01 Feb 2019 11:56 AM | Deleted user

Vera Ignjatovic,University of Melbourne, Australia

Gil Omenn is one of the founding members of the Human Proteome Organization, has led the Plasma Proteome Project from 2002 through 2010, and chaired the Human Proteome Project from 2010 through 2018. He also served as President of the U.S. HUPO. Gil is a Distinguished University Professor of Computational Medicine & Bioinformatics, Internal Medicine, Human Genetics, and Public Health at the University of Michigan and a member of the U.S. National Academy of Medicine.

Human Proteome Project

What would you like to see happen in the HPP over the next 3 years?
Gill: I would like to see a coalescence of subsets of the C-HPP teams and subsets of the B/D-HPP teams to accelerate scientific progress on the overriding aims of the HPP: (a) completing and annotating the protein parts list and (b) making proteomics an expected part of all multi-omics studies in biomedical research.

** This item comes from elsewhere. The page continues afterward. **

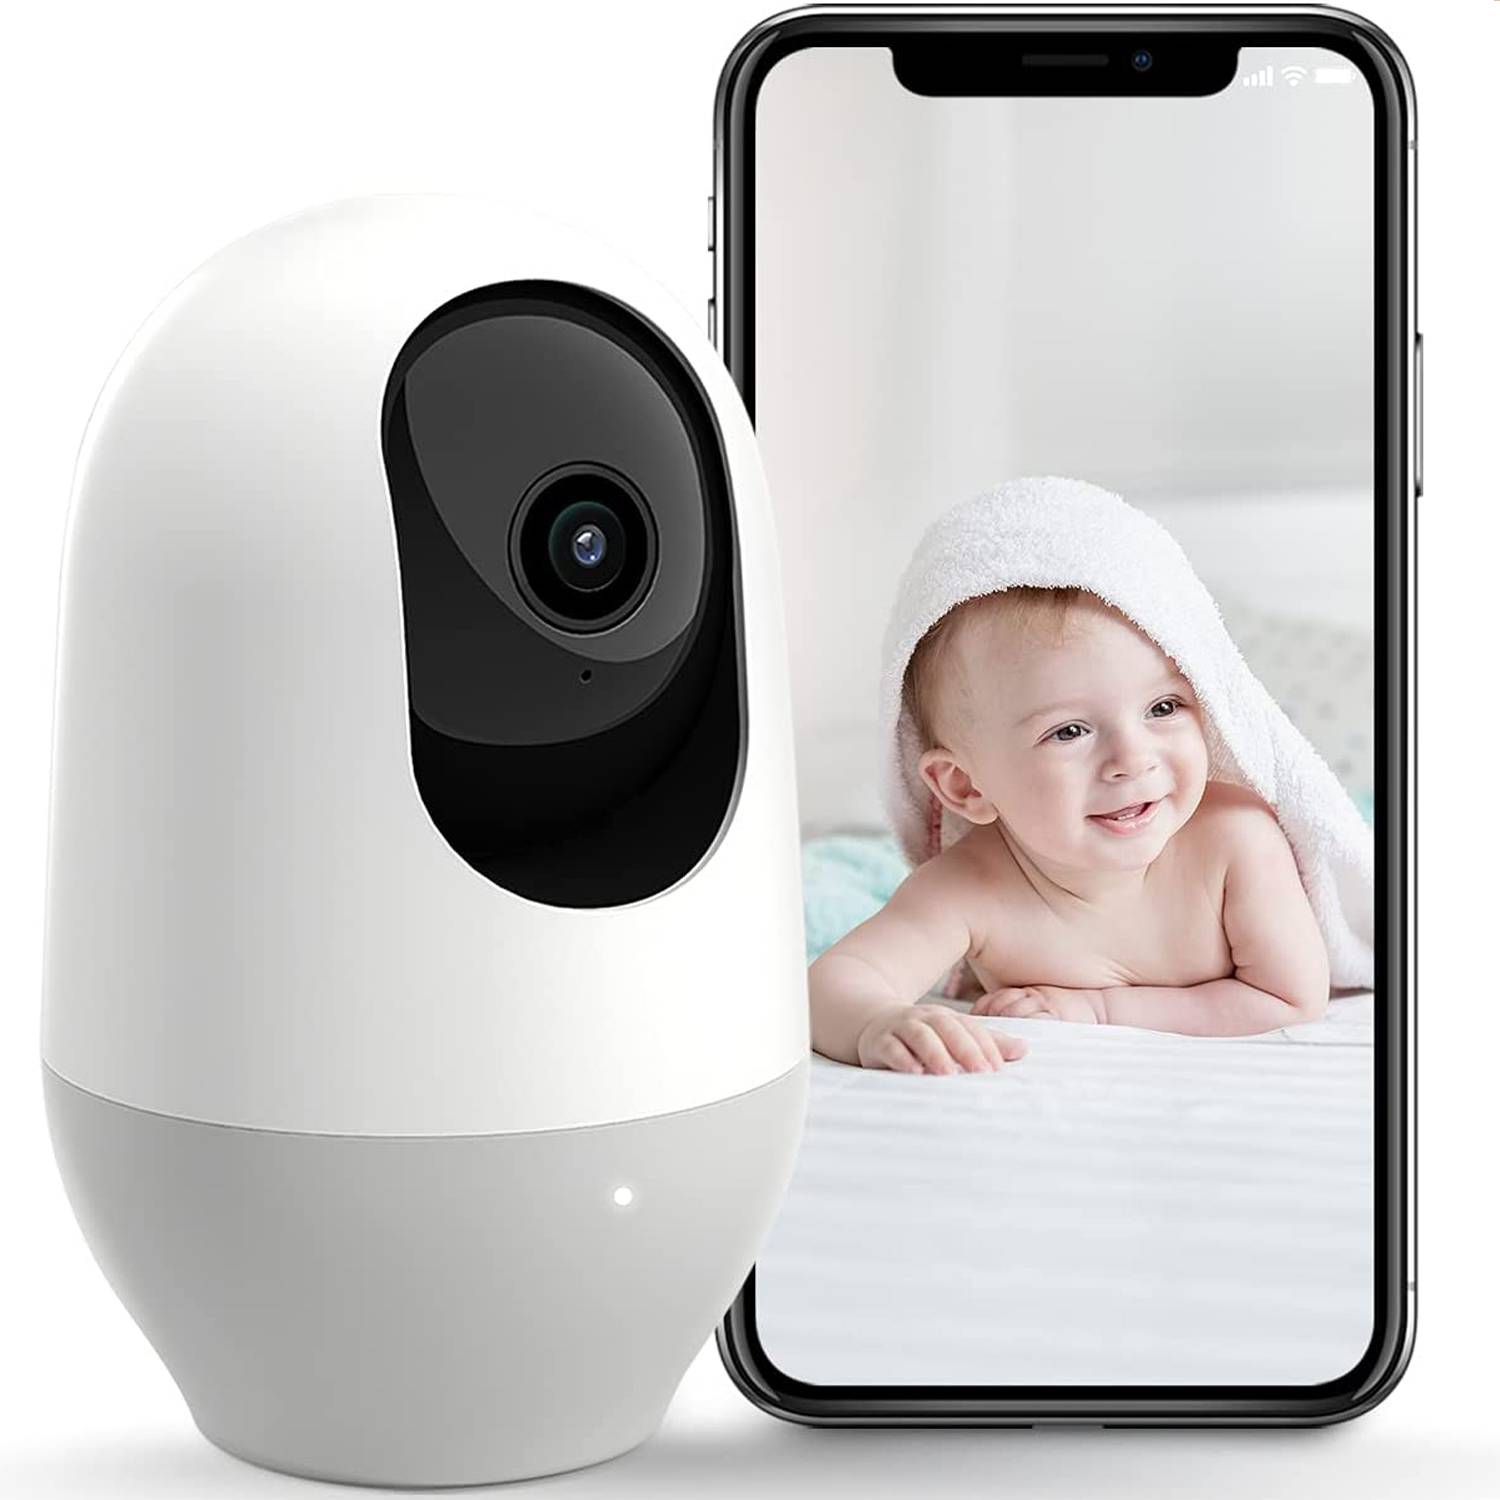 Monitor de bebé, cámara de seguridad de vigilancia Exterieur inalámbrica  WiFi cámara 120 ° gran angular 720 p mini sistema de vigilancia para bebés

I am keen to see the four resource pillars drive collaborative studies across antibody profiling, mass spectrometry, bioinformatics, and pathology. And I would like to see significant growth in numbers of participants in the HPP and the HUPO World Congress.

What do you see as the role of the HPP in the future progress of proteomics? Gill: The HPP has worked openly with proteomics researchers globally, with an emphasis on quality of data, sharing of complete datasets and metadata, and metrics for the annual progress on the “draft human proteome”. I hope we will see much more extensive application of quantitative proteomics and systems biology across all the fields of medical research.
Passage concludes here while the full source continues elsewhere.